[Stored dataset items]
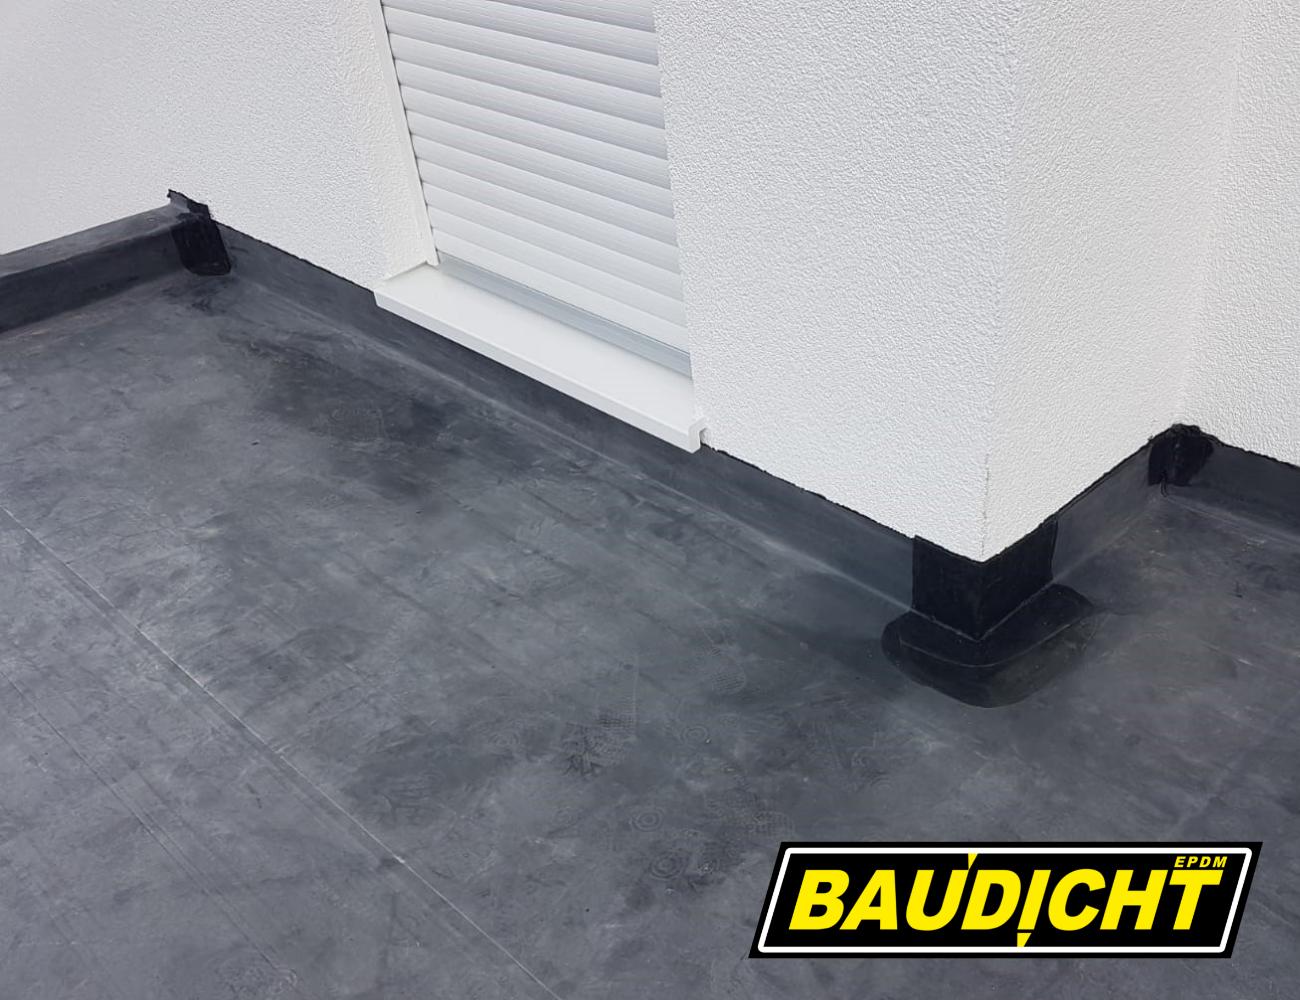 BAUDICHT EPDM Terrassenabdichtung von Außen- und Innenecken
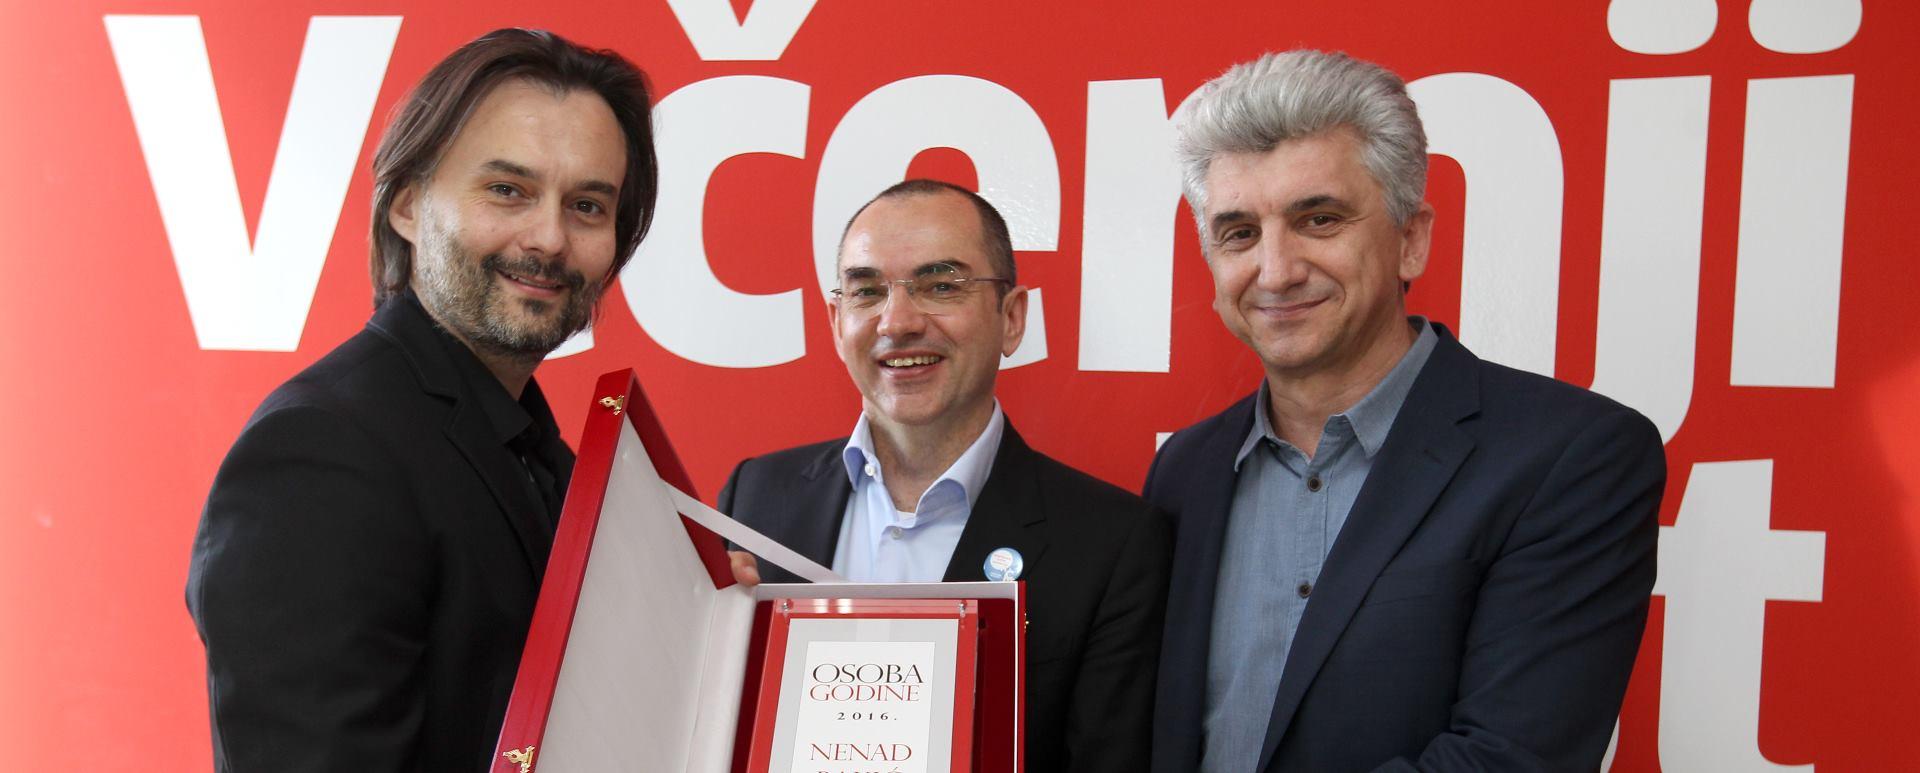 Poduzetnik Nenad Bakić je osoba 2016. godine prema izboru Večernjeg lista
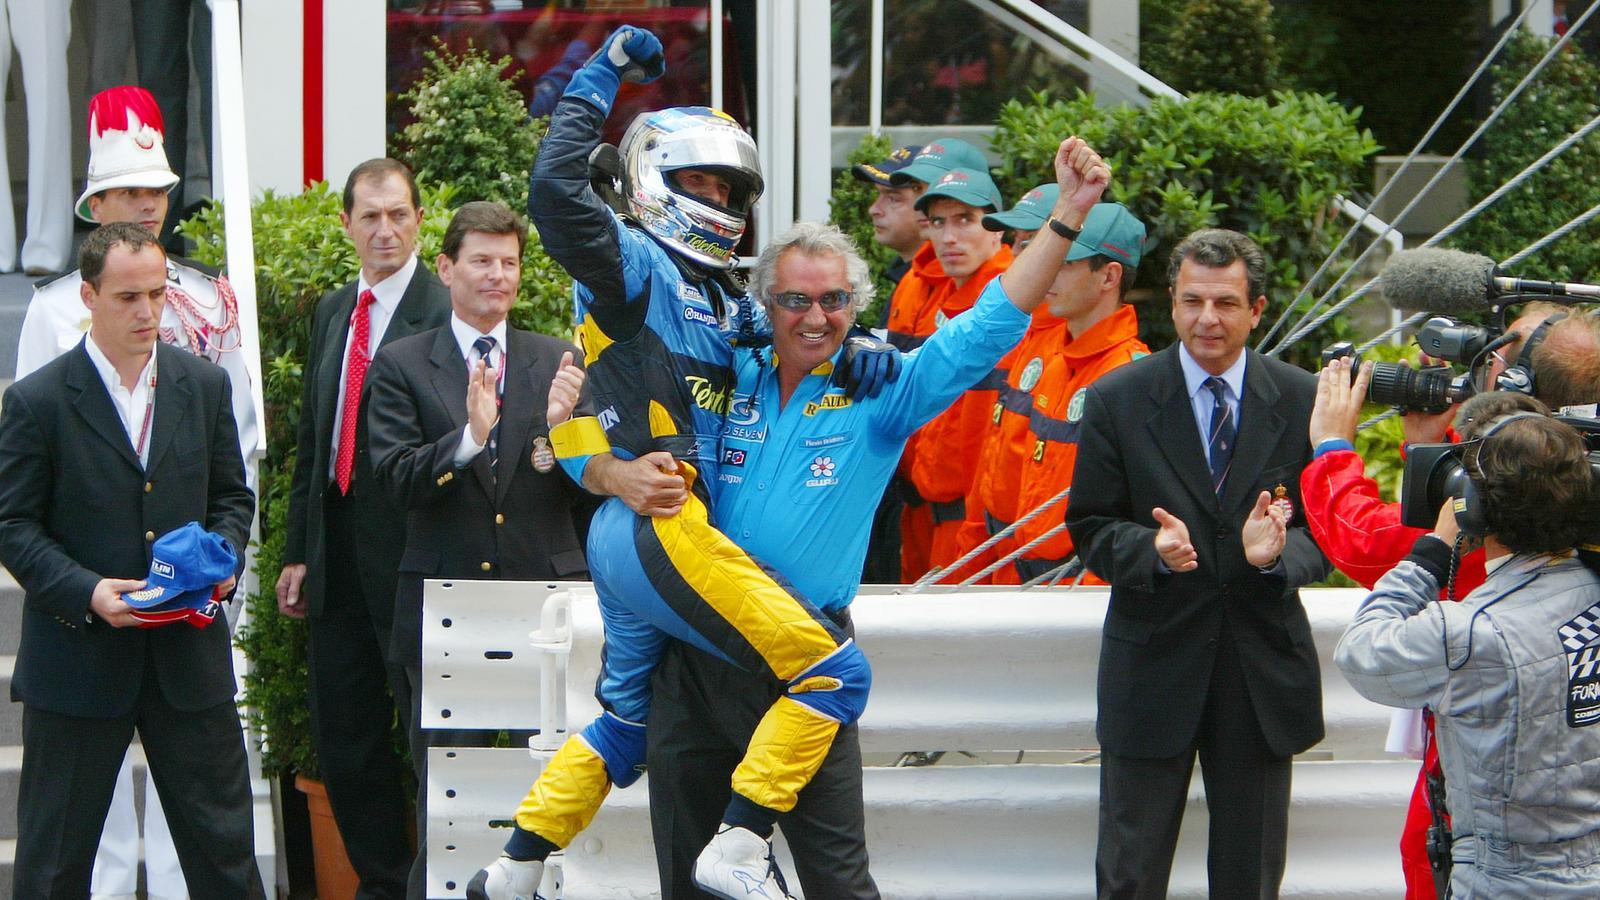 Jarno Trulli u društvu šefa momčadi Flavija Briatorea slavi svoju prvu i jedinu pobjedu u F1 karijeri (23.5.2004.) Foto: Eurosport
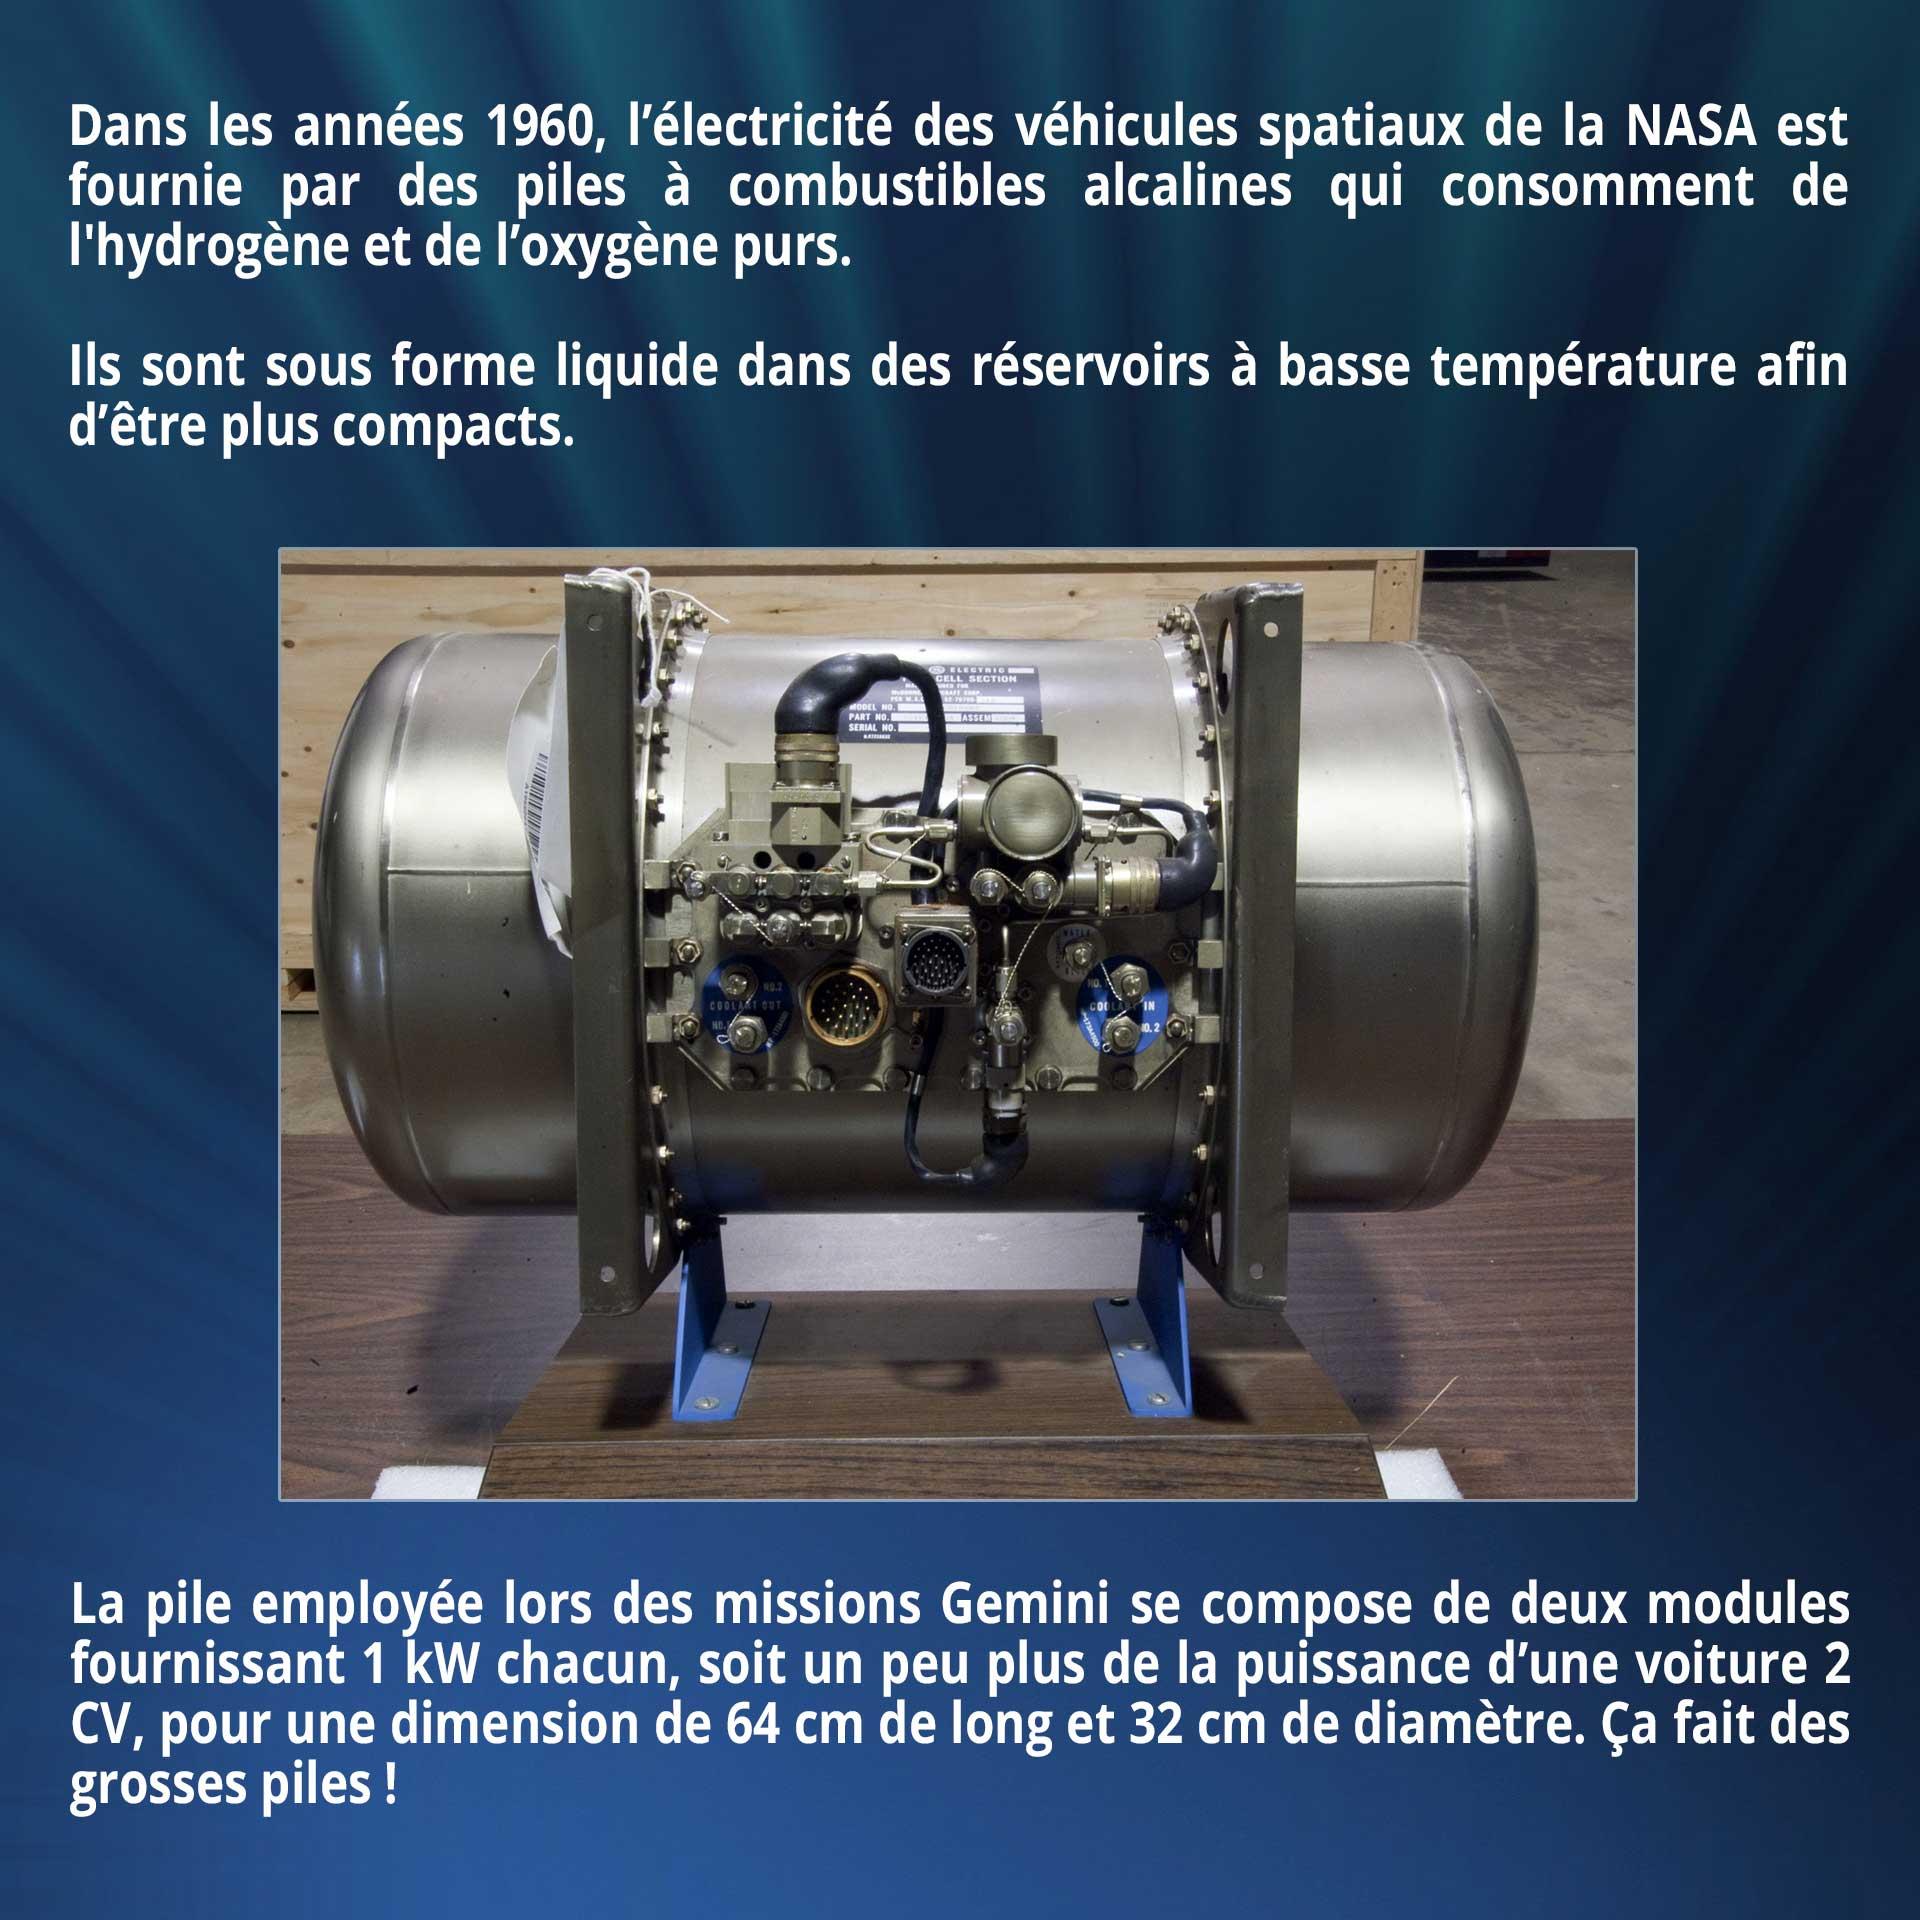 Dans les années 1960, l'électricité des véhicules spatiaux de la NASA est fournie par des piles à combustibles alcalines qui consomment de l'hydrogène et de l'oxygène purs. Ils sont sous forme liquide dans des réservoirs à basse température afin d'être plus compacts. La pile employée lors des missions Gemini se compose de deux modules fournissant 1 kW chacun, soit un peu plus de la puissance d'une voiture 2 CV, pour une dimension de 64 cm de long et 32 cm de diamètre. Ça fait des grosses piles !
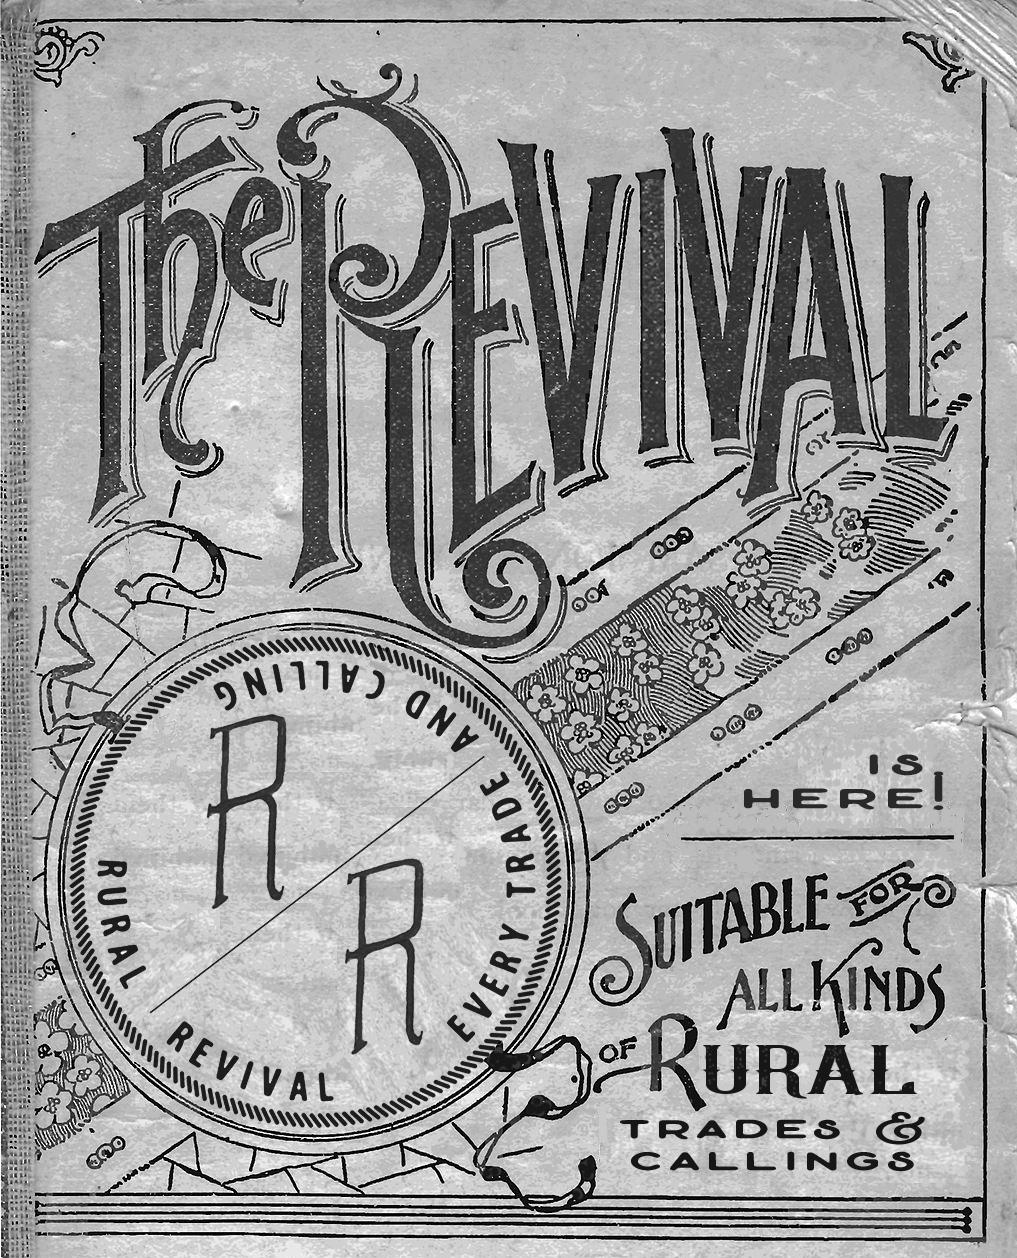 Rural Revival is Here Poster.jpg

(Required work) Give back all the records as they stand, but with no pictures in the copy.

(Response)
 BAUDICHT EPDM Terrassenabdichtung von Außen- und Innenecken
 Poduzetnik Nenad Bakić je osoba 2016. godine prema izboru Večernjeg lista
 Jarno Trulli u društvu šefa momčadi Flavija Briatorea slavi svoju prvu i jedinu pobjedu u F1 karijeri (23.5.2004.) Foto: Eurosport
 Dans les années 1960, l'électricité des véhicules spatiaux de la NASA est fournie par des piles à combustibles alcalines qui consomment de l'hydrogène et de l'oxygène purs. Ils sont sous forme liquide dans des réservoirs à basse température afin d'être plus compacts. La pile employée lors des missions Gemini se compose de deux modules fournissant 1 kW chacun, soit un peu plus de la puissance d'une voiture 2 CV, pour une dimension de 64 cm de long et 32 cm de diamètre. Ça fait des grosses piles !
 Rural Revival is Here Poster.jpg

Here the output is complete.